Kirkus Reviews QR Code
TRAVELING WITH CHE GUEVARA by Alberto Granado

TRAVELING WITH CHE GUEVARA

The Making of a Revolutionary

by Alberto Granado & translated by Lucía Álvarez de Toledo

Pub Date: Oct. 1st, 2004
ISBN: 1-55704-640-9
Publisher: Newmarket Press

Of motorcycles, maté, and Marx.

Coinciding with the release of the Robert Redford–produced film The Motorcycle Diaries, Granado’s work is a lightly edited journal of his travels, in 1952, across South America in the company of Ernesto Guevara, who would earn fame and martyrdom as Fidel Castro’s lieutenant. Granado was older than Guevara by a few years and already a practicing medical doctor; to judge by these pages, it would also appear that he played the role of committed revolutionary Che, that of the suave Argentine hipster. The South American working class, Granado complains, knows “only the beauties of alcohol, football, and horse racing,” lulled into submission by “classroom, pulpit, and press, which are all in the hands of the rich and powerful.” Ernesto, for his part, doesn’t speak much in Granado’s pages, which would have benefited from a little levity in the place of class analysis, a little more of the pair’s enjoyable banter. All the same, Granado does credible work in chronicling the progress the pair made up the Pacific Coast, through the Andes to Lake Titicaca, and down to the jungles of Colombia, traversing the most tortuous roads on the least reliable of mounts. (Their motorcycle, for one, which often forced them to travel by thumb.) Granado is capable of lyricism, and his descriptions of the passing landscape and ports of call are the best parts here: “By the time we crossed the last of the snowy hills the clouds formed by the snow’s evaporation were already enormous.
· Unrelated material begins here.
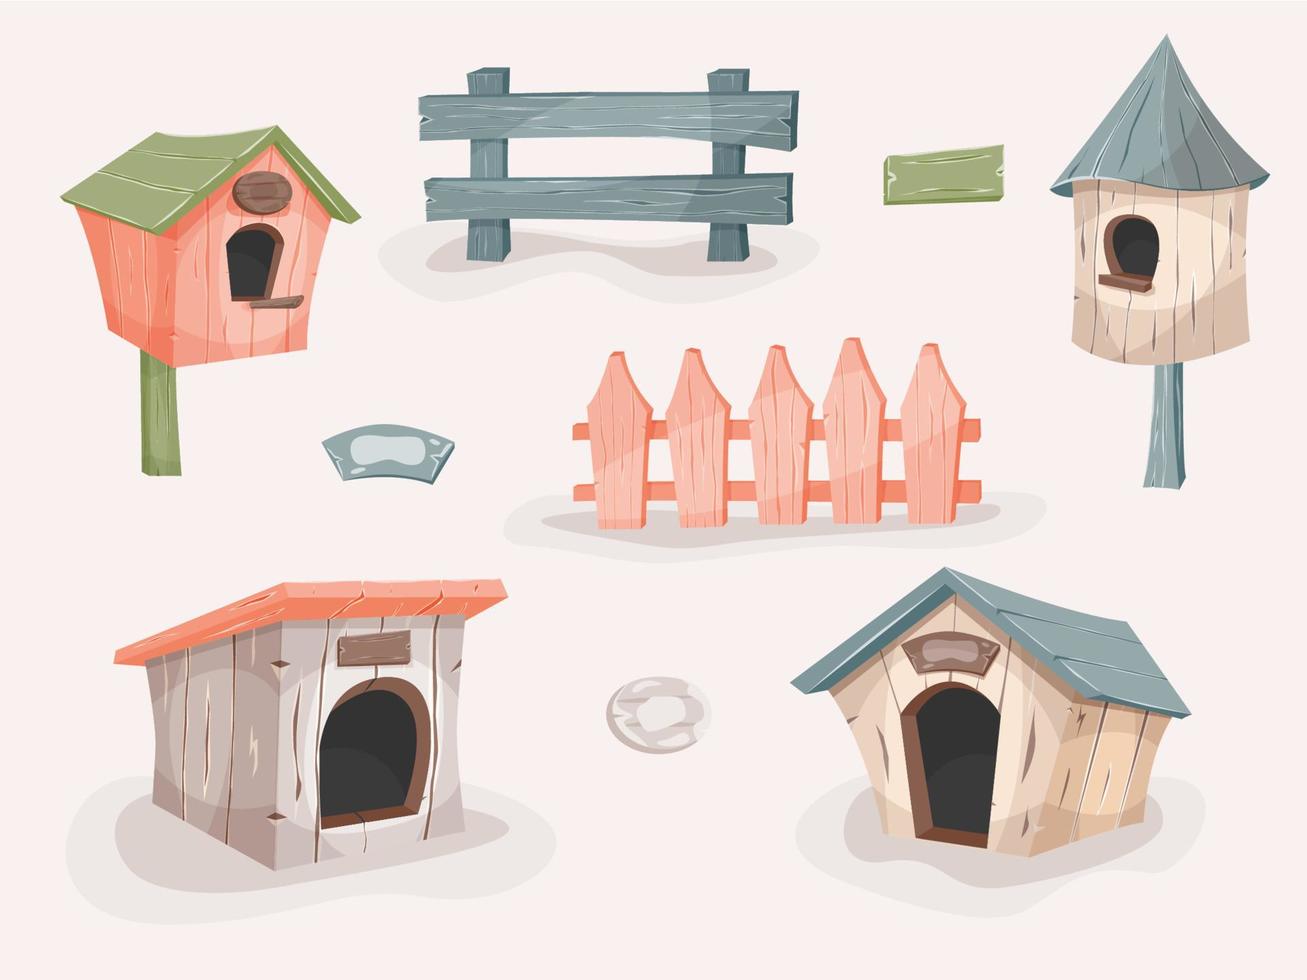 Barchiteset aus Hundehütten, Vogelhäuschen und Zäunen. bunte Holzhäuser im Cartoon-Stil, Feeder. architecture.cture vektor
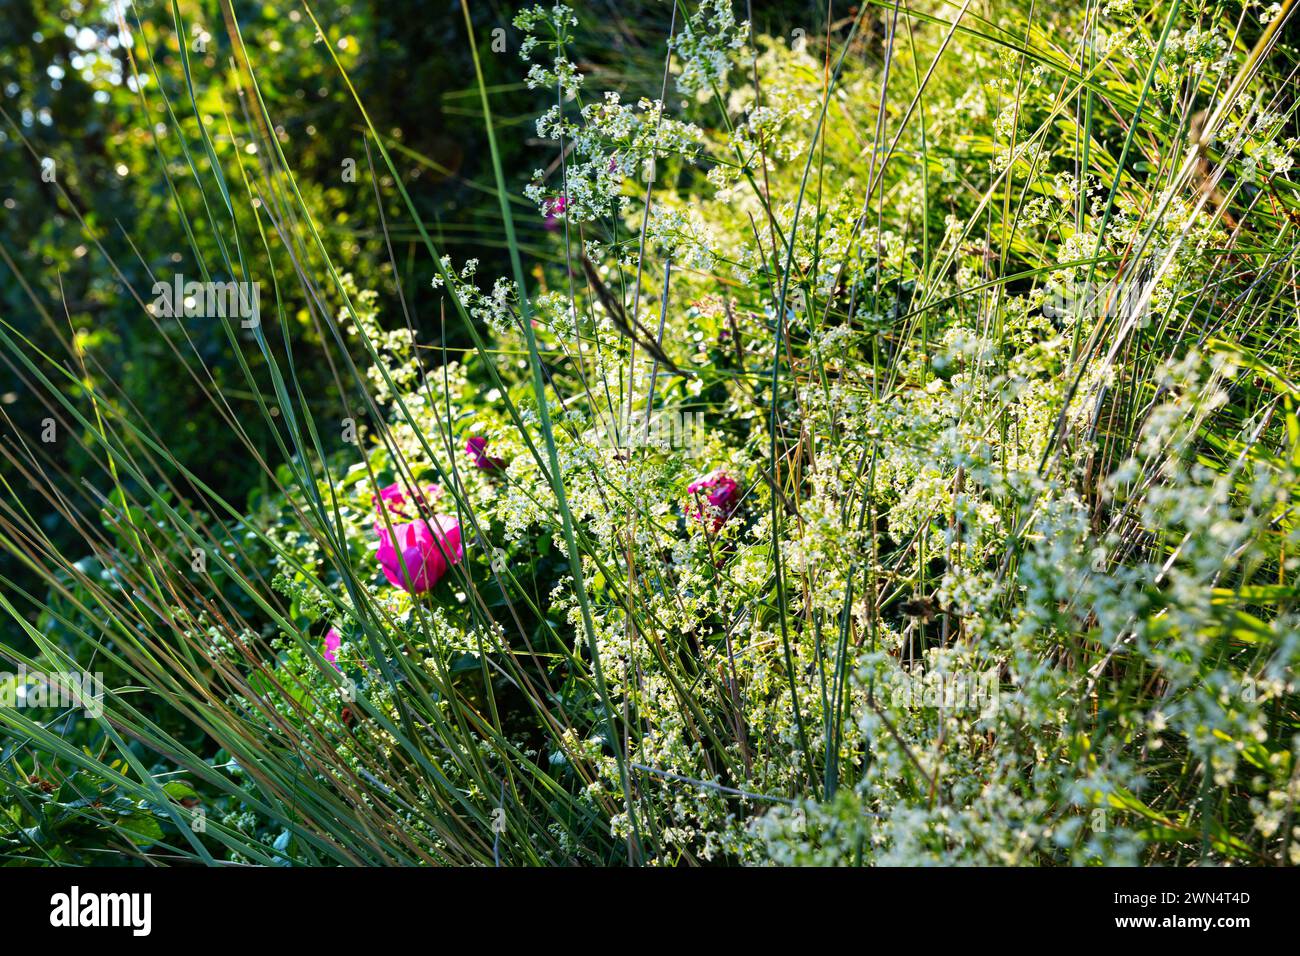 Un mur vert avec des herbes, des herbes vertes, des fleurs roses et des arbustes photographiés contre le soleil. Banque D'Images

Their blue contrasted with the coppery red of the hills without snow on them, and these in turn were splashed by the green of the moss.” “At the very first bite I felt my tongue burning. I can’t even say I know what monkey meat tastes like—all I felt was the burning of the chile.” Such moments, however, are few.

Not to be dismissed as a firsthand document. But for a more entertaining take on the journey, see Patrick Symmes’s Chasing Che (2000), an altogether better read.